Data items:
++++++++++++++++++++

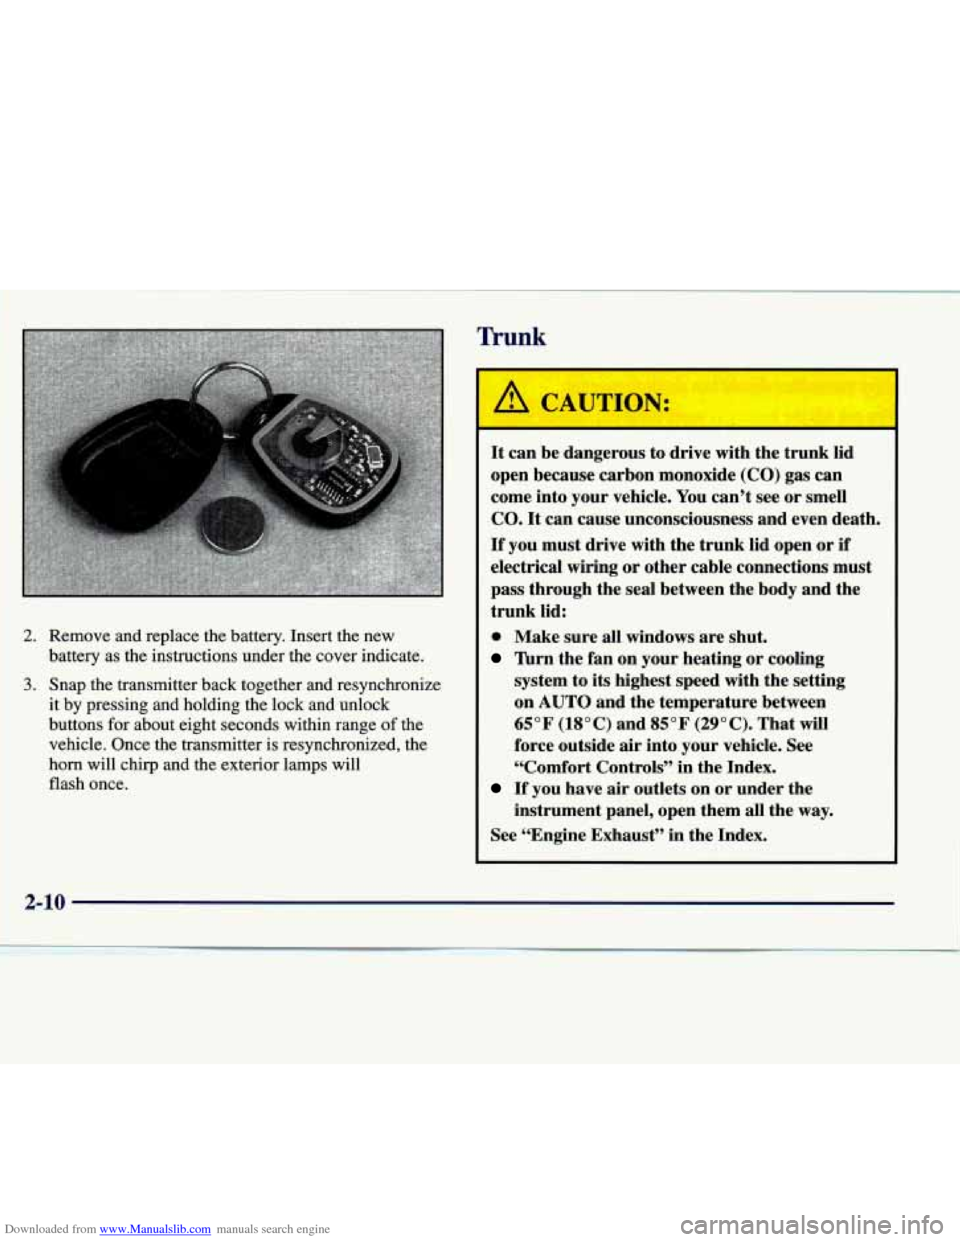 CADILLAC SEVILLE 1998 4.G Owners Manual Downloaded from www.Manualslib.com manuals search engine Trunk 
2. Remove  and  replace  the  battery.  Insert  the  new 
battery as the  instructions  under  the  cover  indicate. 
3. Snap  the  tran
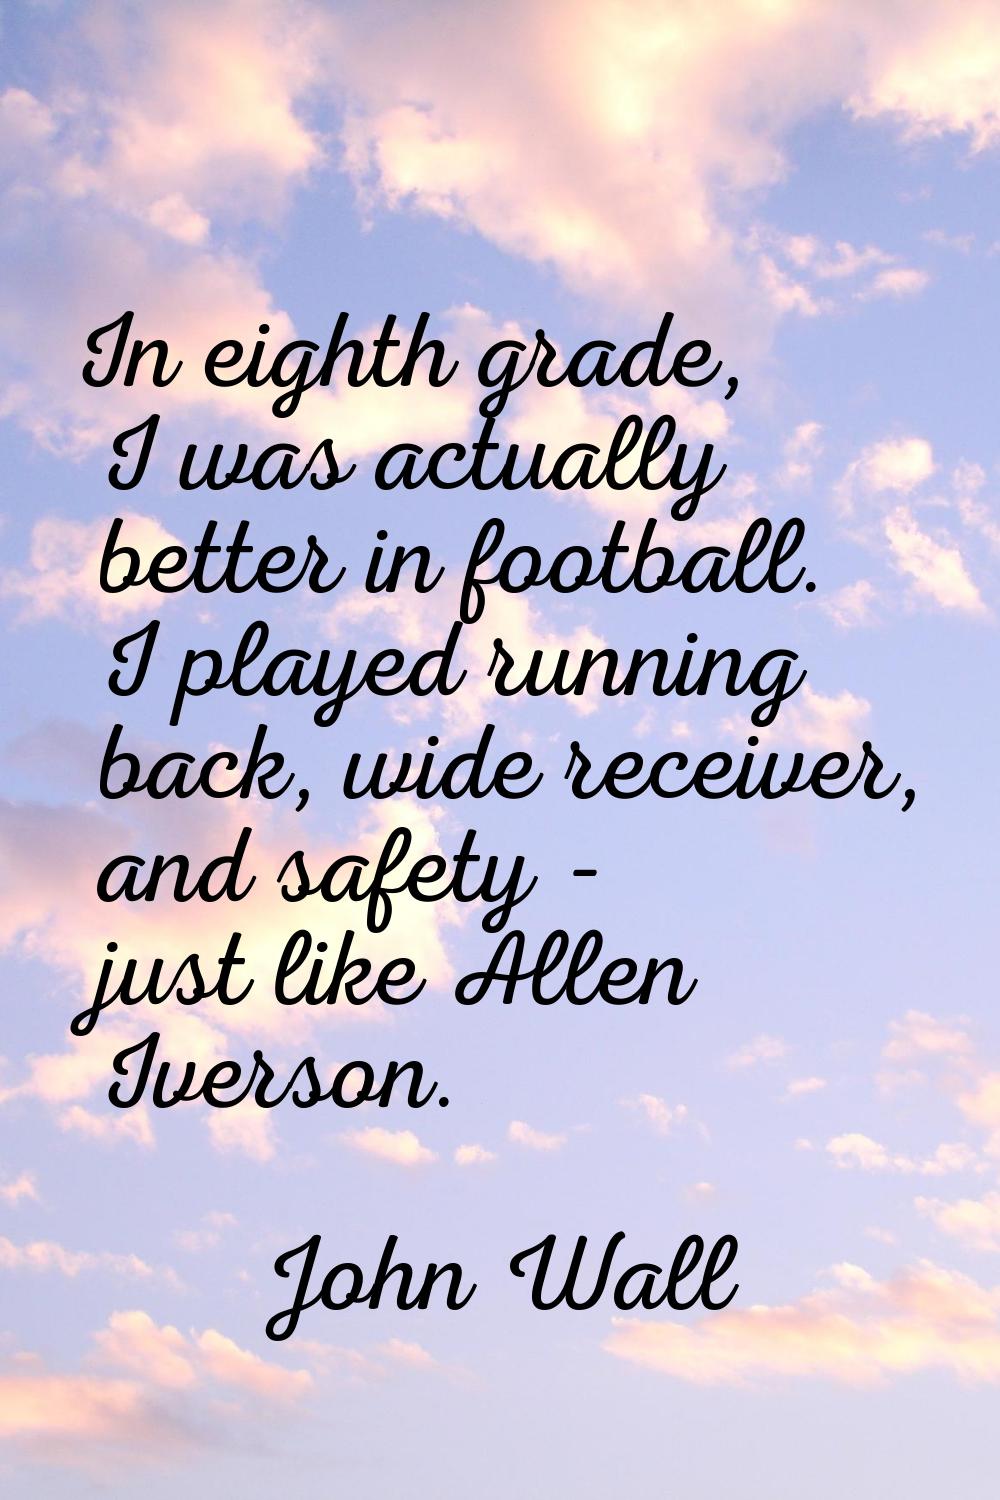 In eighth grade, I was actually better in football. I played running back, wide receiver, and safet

++++++++++++++++++++

Your task:
Each entry should be output word for word, with no pictures carried over.

Your response:
 CADILLAC SEVILLE 1998 4.G Owners Manual Downloaded from www.Manualslib.com manuals search engine Trunk 
2. Remove  and  replace  the  battery.  Insert  the  new 
battery as the  instructions  under  the  cover  indicate. 
3. Snap  the  tran
 In eighth grade, I was actually better in football. I played running back, wide receiver, and safet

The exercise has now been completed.